The royal mystique, still well and truly in place after nearly a millennium, began to lift on a June evening in 1931 when the lady from Baltimore went to a party and set out on a course that nearly made her queen of England but instead opened the way for the present Queen Elizabeth II to reach the throne.

It was at Lady Furness' little get-together in London that this Maryland socialite, Wallis Warfield Simpson, first clamped her baby blues on Edward, Prince of Wales -- he, who five years later, would become King Edward VIII.

The story is now part of history, how twice-divorced Wallis and lovesick Edward became an item, then a scandal, the reports that oozed from the cover-up as he became monarch: "The King is in love. The King and Mrs. Simpson will be married ... He is going to make an American woman his queen."

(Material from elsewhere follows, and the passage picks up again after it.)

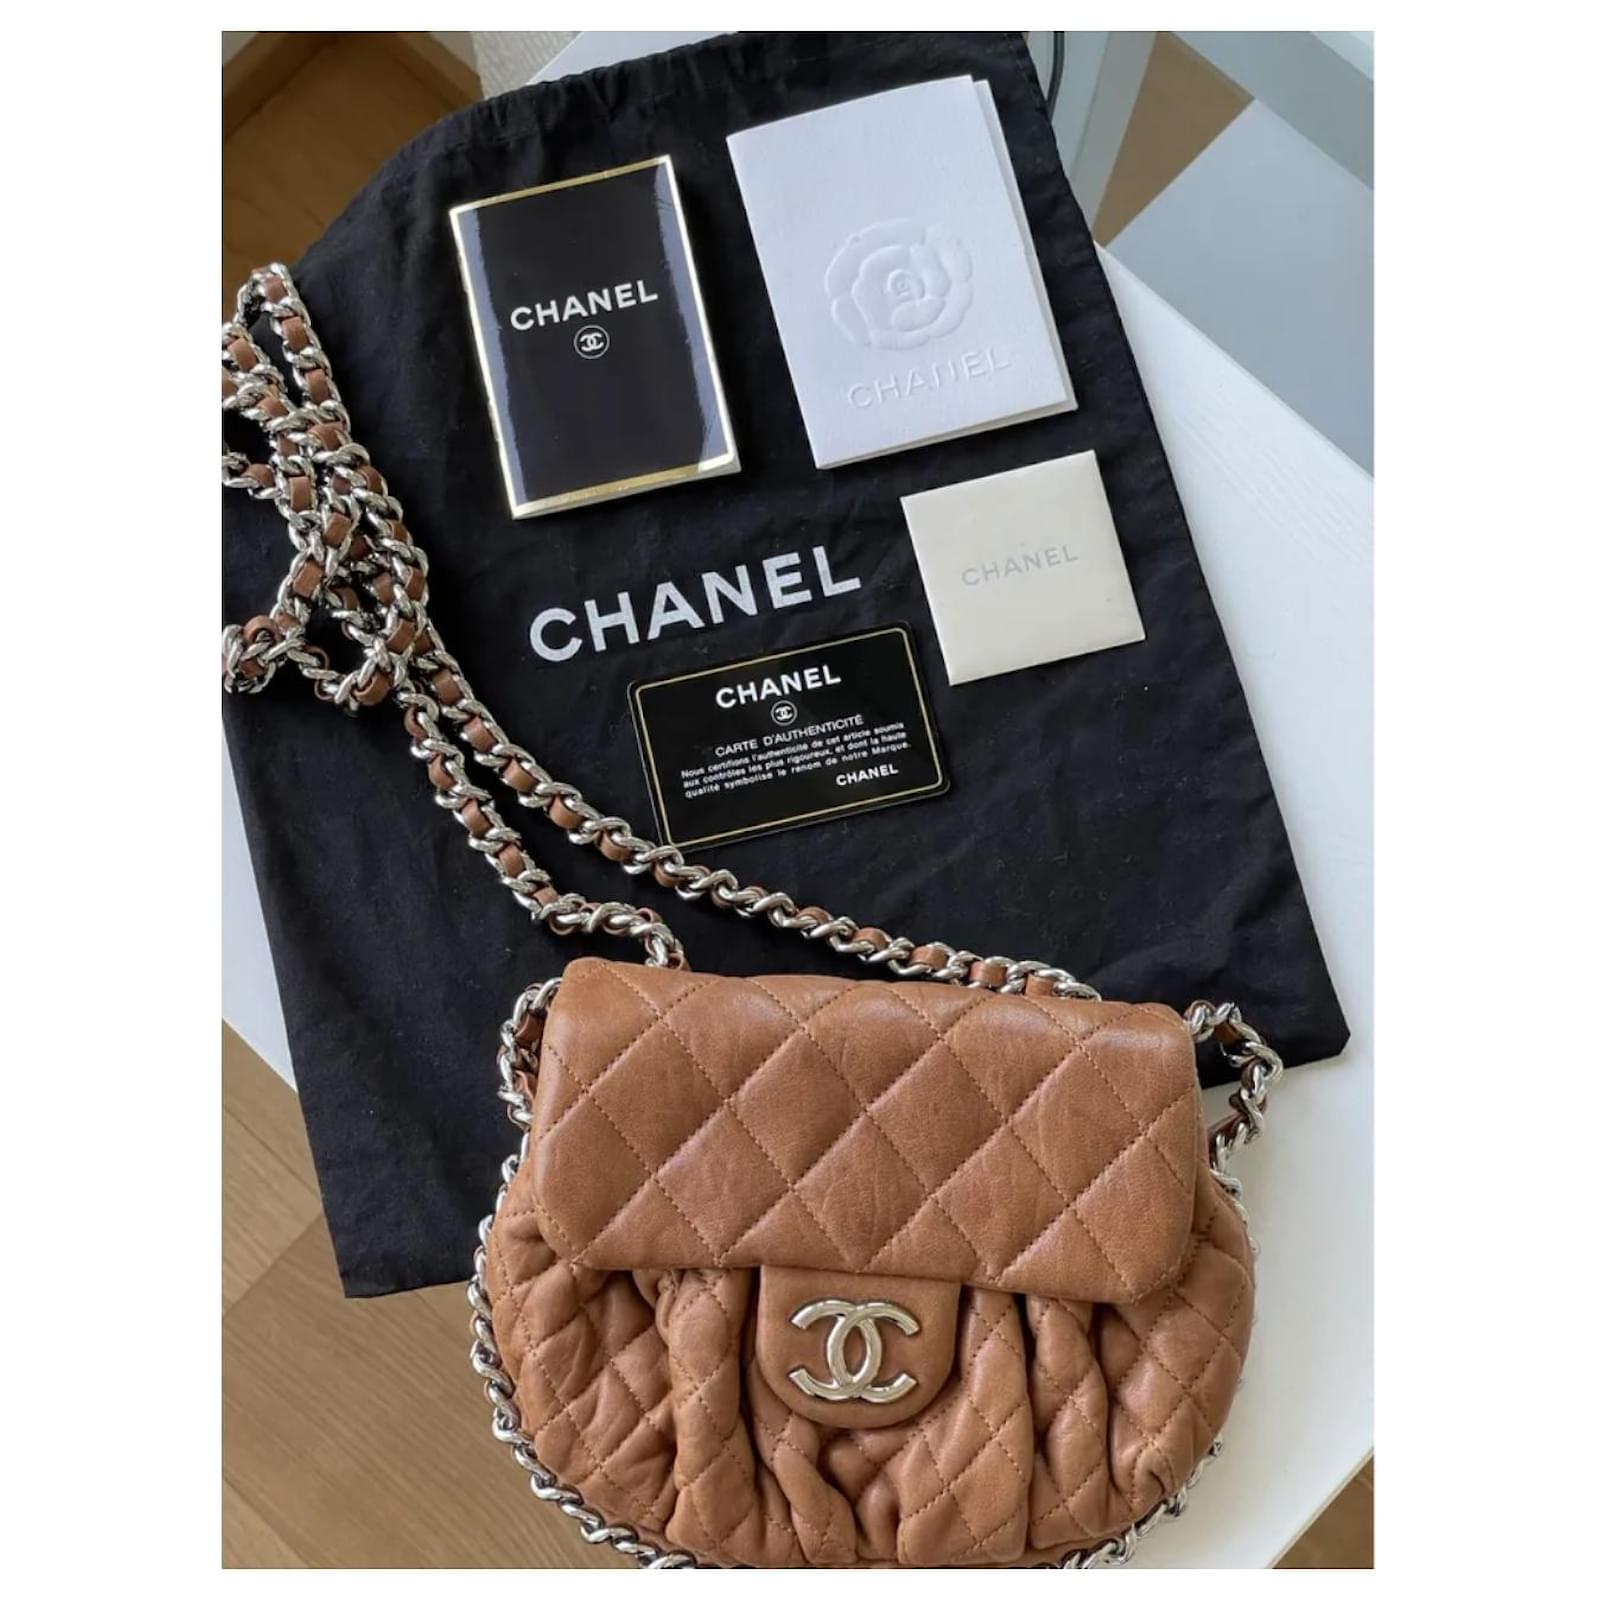 Chanel Chain Around Bag Mini Size In dark beige or camel color

Well, he didn't. The nation wouldn't have an American divorcee for queen, Edward wouldn't have the throne without her, he abdicated to be with "the woman I love," and they sailed off to France, to be married and to live not all that happily ever after as the Duke and Duchess of Windsor.

She didn't become Queen Wallis. What she did, however unintentionally, was to open the curtain just a crack on the drama that is modern royalty, giving subjects and the rest of the world alike a look at the flesh and blood behind it all. Over the two-thirds of a century since, the curtain has been pulled wider, the royals powerless to prevent it.

It makes breathtaking theater, the ecstasy of the wedding of Prince Charles and Princess Diana, the agony of their mutual adulteries and divorce, and the tragedy of her death in a Paris car crash. And then there is the war of wills between Charles and his mother the queen over his choice of a divorcee, Camilla Parker Bowles, as his mistress.

Whether we were particularly enlightened by photos of the Duchess of York having her toes sucked by an American millionaire, and the divorce that inevitably ensued, is debatable. So is the snapshot of one of the queen's cousins, Prince Ernst August of Hanover, 23rd in line to the British throne, letting out a pint or so of beer in public at a trade fair.

Yet for all that, the popularity of Britain's royal family remains very tangible -- and the subjects like what they see. Prince Charles and Camilla pictured arm-and-arm at parties, with the queen's approval at last (but with the fury over a Queen Camilla perhaps yet to come).

Sarah, the wandering Duchess of York, has chucked out her toe-sucking boyfriend and is back living like man and wife with ex-husband Prince Andrew --and whispers are about that they will remarry. The queen's youngest son, Prince Edward, finally got wed, thus ending another whispering campaign, that he was gay.

Even the Queen Mother (loves lobster, hates cats), nearing her 100th birthday, seems less harsh in her condemnation of the now-dead Wallis for driving her own husband, King George VI, to his grave.

Still, a few -- about 19 percent in recent polls -- want a British republic. Forget it. America is a republic, Britain a monarchy. The one and only time it was a republic lasted less than 20 years in the 17th century, and the religious nutter who led it, Oliver Cromwell, ended up with his head stuck on a pole atop Westminster Hall.

Oh, and the lousy cook? That's Prince William, Charles' son who has just turned 18. At Eton, he has gained a reputation as truly awful at cookery, largely on the basis of a paella that his pal Ned said "looks and feels like worms."

Fortunately for us, William is going to run a kingdom, not a McDonald's.

Al Webb is an independent American journalist living in London.